# Contexts

This notebook allows us to examine the contexts in which words occur in sentences throughout the two subcorpora. Contexts vary according to the method used:

- Using spaCy we can explore contexts by specifying both a word and its part-of-speech.
- Using NLTK's `concordance` functionality we can explore all a word's contexts in the conventional KWiC format -- there is also code here for those interested in lemmatizing words before generating an NLTK `text`.
- Using the already-generated SVOs, we can quickly glimpse the related subjects, verbs, and objects for a particular word, though it has to be appear somewhere as an S, V, or O.

## spaCy

The code below uses spaCy's `child` functionality to determine what are the subjects of a sentence and then to return the sentences in which a particular subject appears. It could be adapted to a wide variety of uses. 

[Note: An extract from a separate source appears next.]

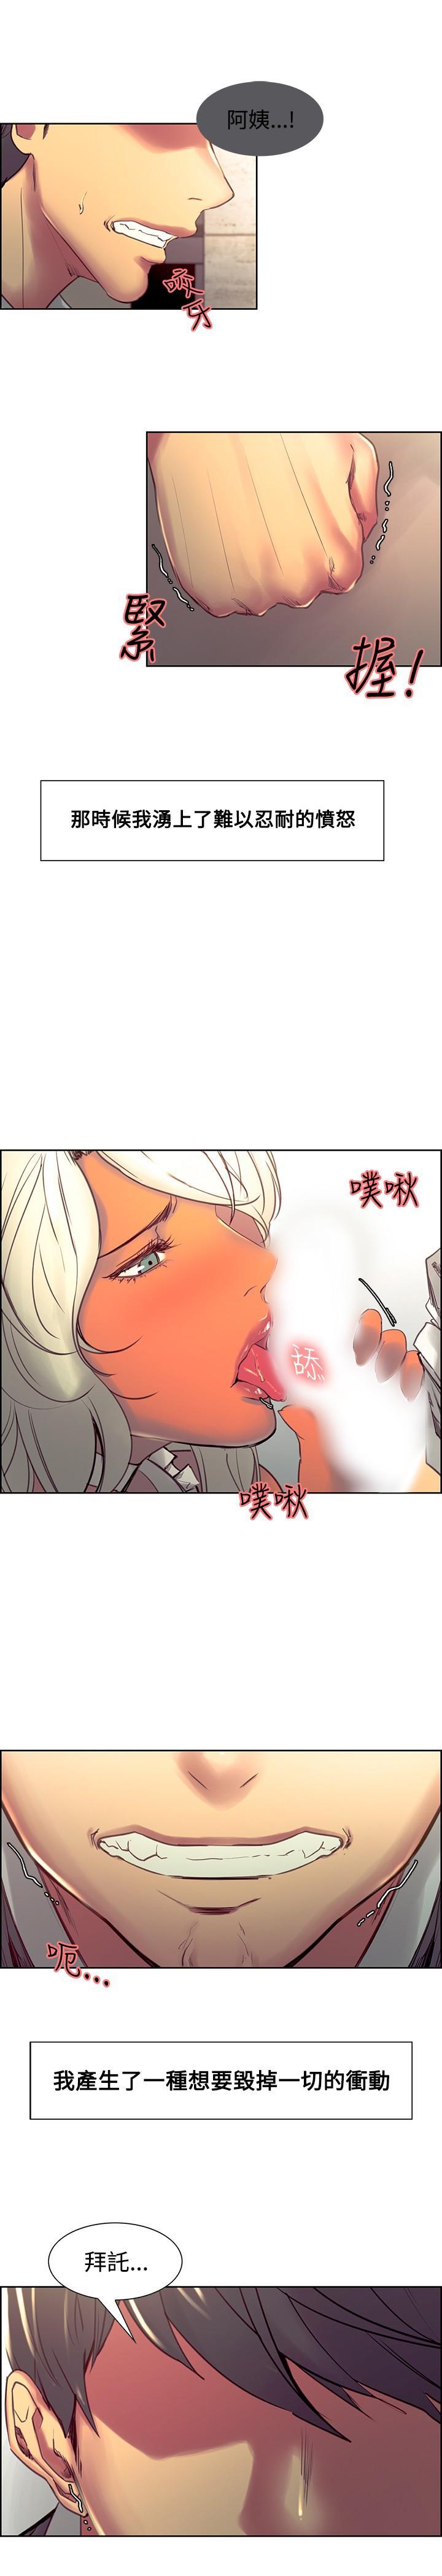 Domesticate the Housekeeper 调教家政妇 ch.29-32 59

Development of this code was based on insights from this Stackoverflow thread: [How to get the dependency tree with spaCy?](https://stackoverflow.com/questions/36610179/how-to-get-the-dependency-tree-with-spacy) thread on Stack Overflow. 

In [5]:
# IMPORTS
import pandas as pd, spacy
# from spacy.lang.en import English

# Loading the Data in a gendered partitioned fashion: 
talks_m = pd.read_csv('../output/talks_male.csv', index_col='Talk_ID')
talks_f = pd.read_csv('../output/talks_female.csv', index_col='Talk_ID')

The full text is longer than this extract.